I think your understanding of tube model is quite different from my understanding of tube model. In IE3D, the thickness model (tube model) doesn't behave like what you described. IE3D users can give it a try and they will see both the DC and AC resistances are behaving like expected (at DC, it is approaching the ohms law while it is approaching the high frequency behavior at the high frequency).

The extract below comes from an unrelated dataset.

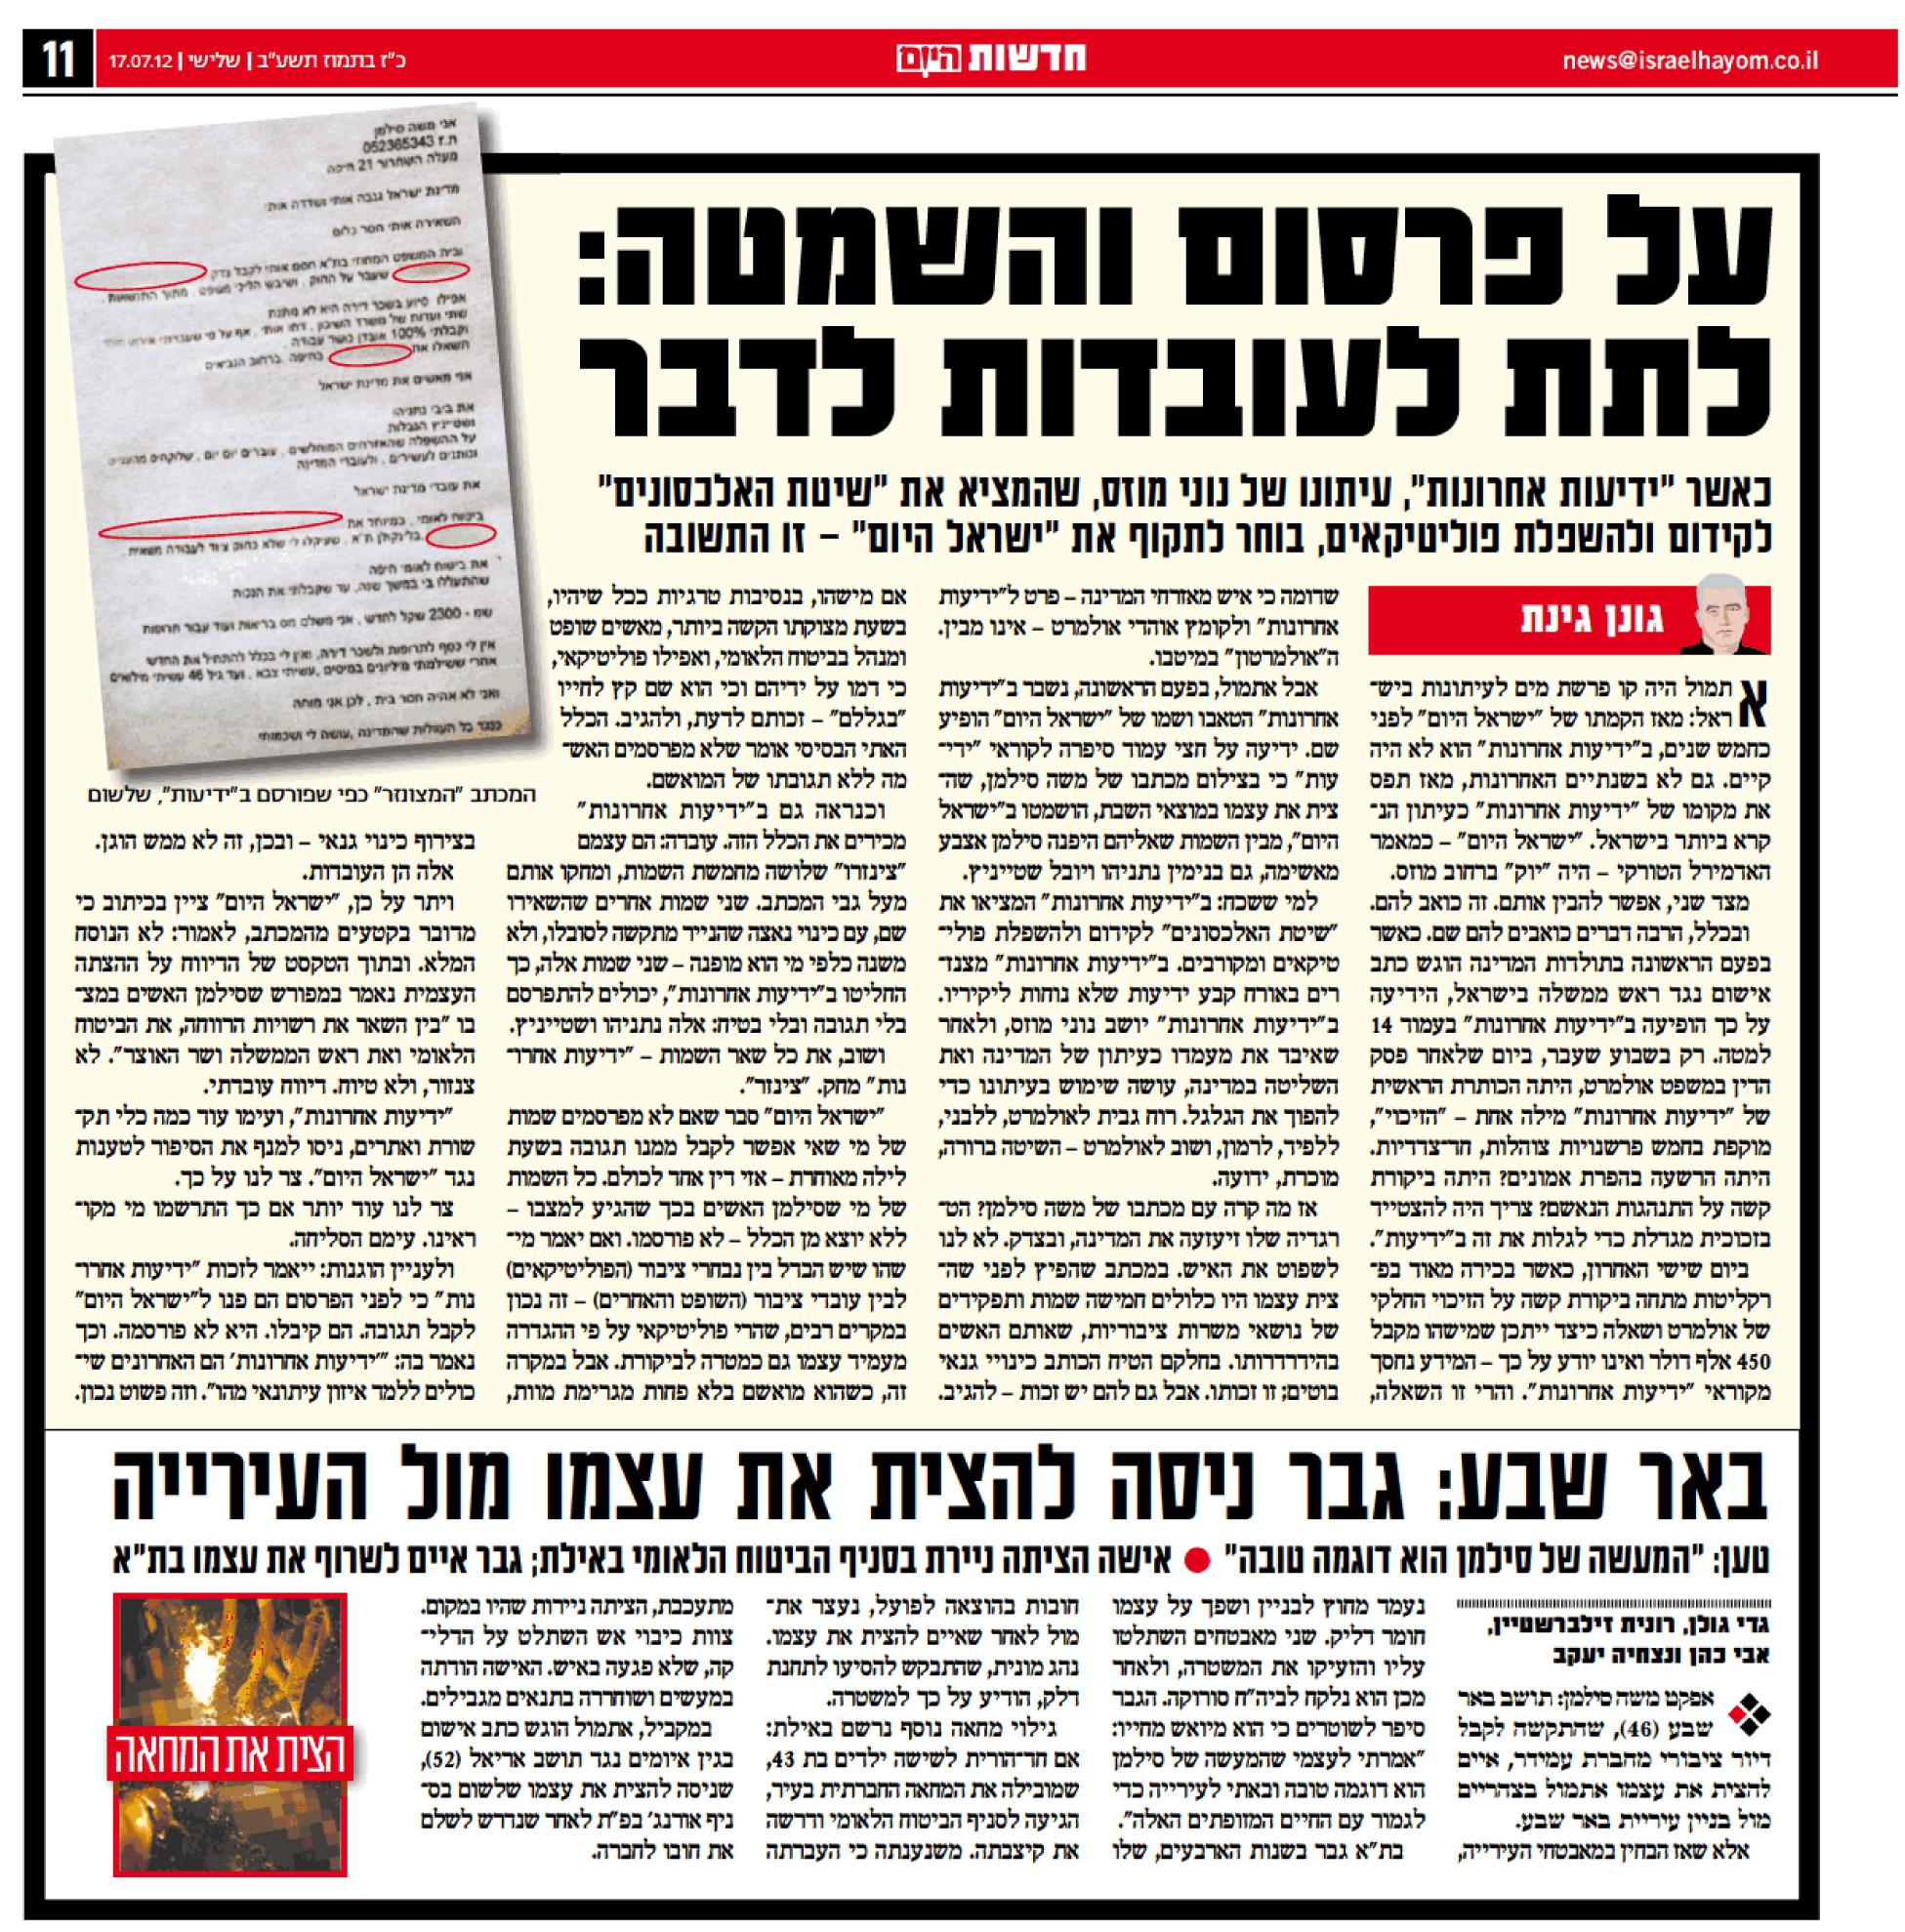 על פרסום והשמטה: ישראל היום נותנים לעובדות לדבר ונכנסים בידיעות אחרונות

I think the elegance of tube model used in IE3D, is that all the current distribution (no matter on the top or bottom or the side surfaces) are taken into full consideration while the current inside is described completely using the surface current as long as the conductivity of the metal is not very low. I understand that surface impedance which is used in all MOM simulators in modeling loss will fail when the conductivity of a metal is very low. The question is what is "low". Let's analyze some example.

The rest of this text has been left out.